The truly decentralized nature of blockchain could only be realized when the trust factor, which is rooted in the centralized system, could be eliminated. Users should not make a complete deal in good faith that the other party will abide by the terms. In the real world, it is ensured by the use of lawyers who ask them to sign legal contracts to prevent malicious practice or backing out.
Blockchain performs this through smart contracts, which are codes that execute automatically once the preset logic and conditions are met, making the whole system trustless. Here, the funds are locked in escrow and released only if both parties complete their parts of the deal.

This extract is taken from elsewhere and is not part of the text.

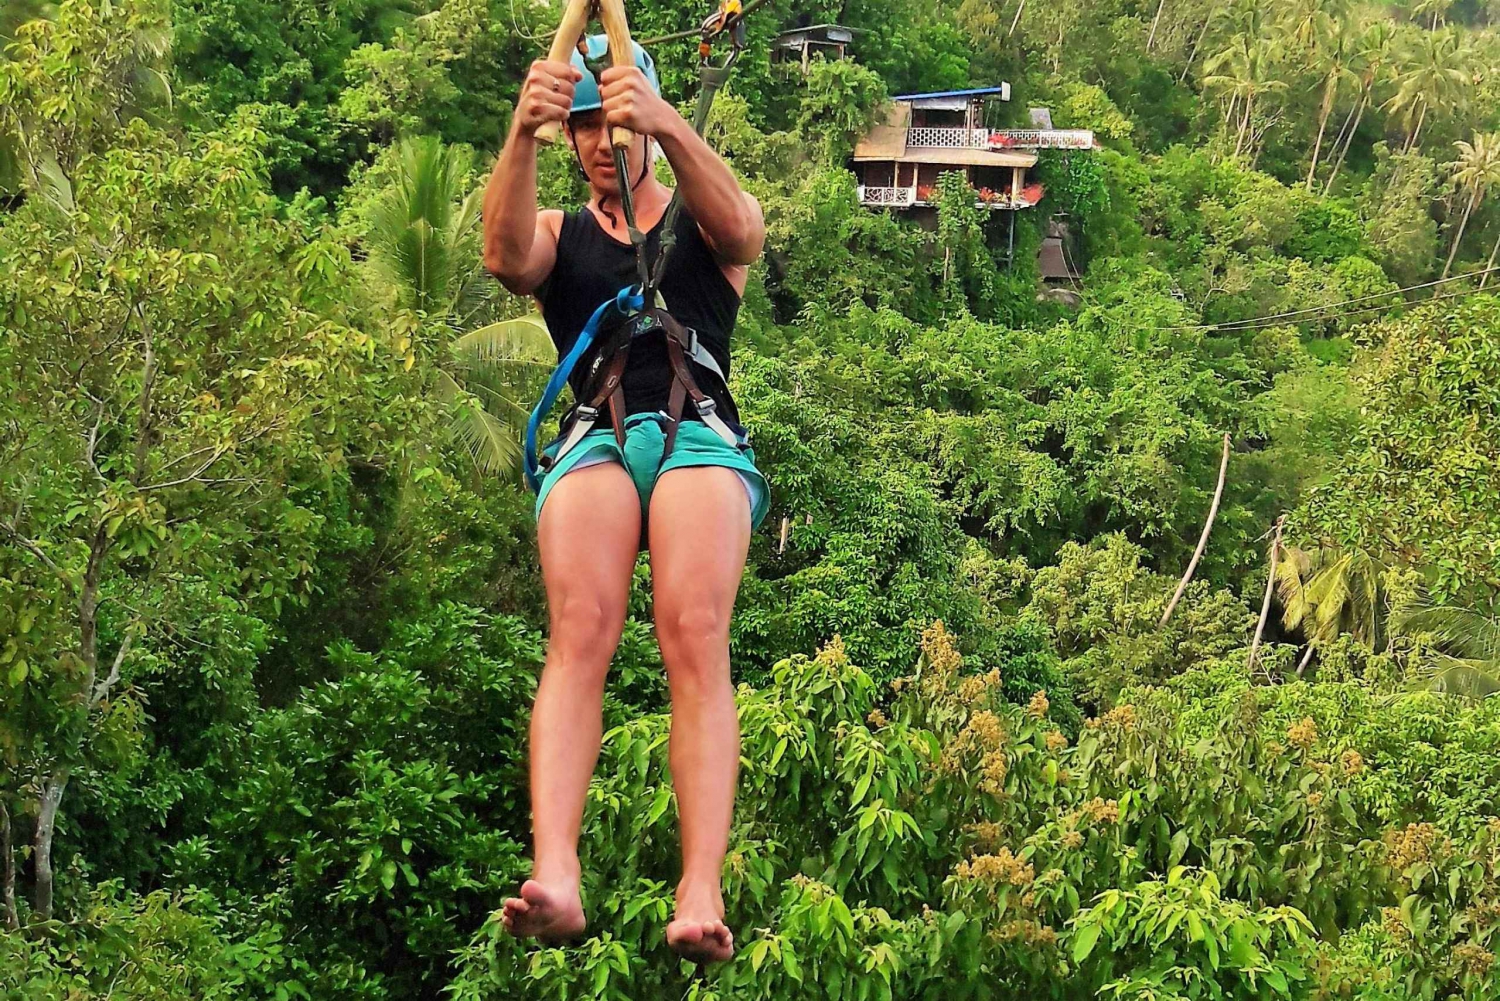 The one and only Zipline Experience of Lamai Viewpoint
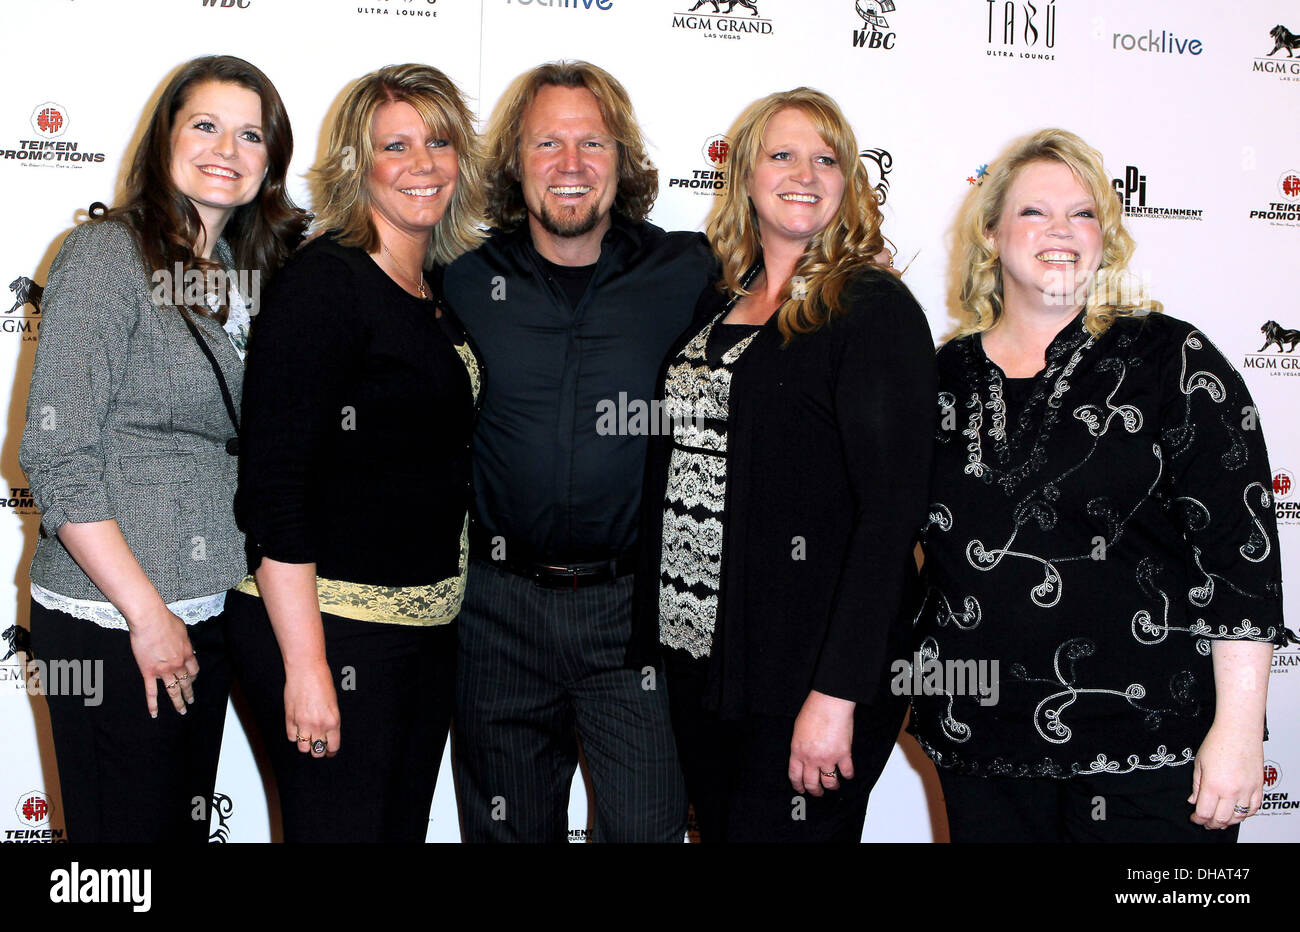 Sister Wives and Guest Mike Tyson's 'Mike Tyson: Undisputed Truth - Live On Stage' Grand Opening Show at MGM Grand's Hollywood Stock Photo

Smart contracts can range from simple to complex, designed to fulfill multiple logic to produce the desired outcome. Immutability is an inherent feature of blockchain that ensures that no transaction is reversed and that the data once entered can not be tampered with. Thus, smart contracts need to be coded carefully to prevent the loss of funds due to poor design and unclear logic.
The integer overflow and underflow vulnerabilities can occur if the smart contract involves incorrect arithmetic calculations because the numbers involved are pretty small or large. The infamous Ponzi scheme of Proof of Week Hands Coin (PoWH) is the best example, where the valuation of a project with one million dollars as its initial value fell by more than $800k.
Although the transparency of blockchain is its inherent feature, it can also cause havoc. Once the smart contracts and included transactions are deployed over the network, they enter the memory pool and wait in line for their turn to be confirmed. Your smart contract is visible to everyone and if it contains any arbitrage opportunities, anyone can copy it and submit it over the network with higher gas fees, increasing their probability.
Moreover, miners have an upper hand above all because of their penetration into the network and more technical know-how than common users. They also have the power to arrange transactions the way they want, mostly in order of gas flow, to make more profits. Thus, they can front-run other honest users and make a profit from what is called the miner’s extractable value (MEV).
Several smart contracts depend on other external smart contracts to complete their execution. They call another smart contract and once that is completed, the original moves over to complete it. However, hackers can intercept this callback and introduce their own, malicious smart contract. Thus, they can modify the terms of the agreement and exploit the funds. Sometimes, developers forget to put a limit on the callbacks, and hackers can call them multiple times, gradually depleting all the funds under the smart contract without the knowledge of the developer.
Smart contracts do not support floating point and thus values are stored mostly in integers. Further, to achieve better accuracy, the values are stored in smaller units rather than large ones, which is best seen in financial services, where the unit used is cents rather than dollars. However, developers are aware of the issue with integer overflow, where once the integers, which have a preset limit, reach the same value, they are reset to the lowest value.
Smart contracts have become the base of blockchain applications nowadays and developers should ensure their security before launch. They can start bug bounty programs, conduct audits of their code by reputed companies, take the help of artificial intelligence (AI) to correct as they code, and perform regular internal security checks. They can also learn from the previous examples of vulnerabilities faced by others.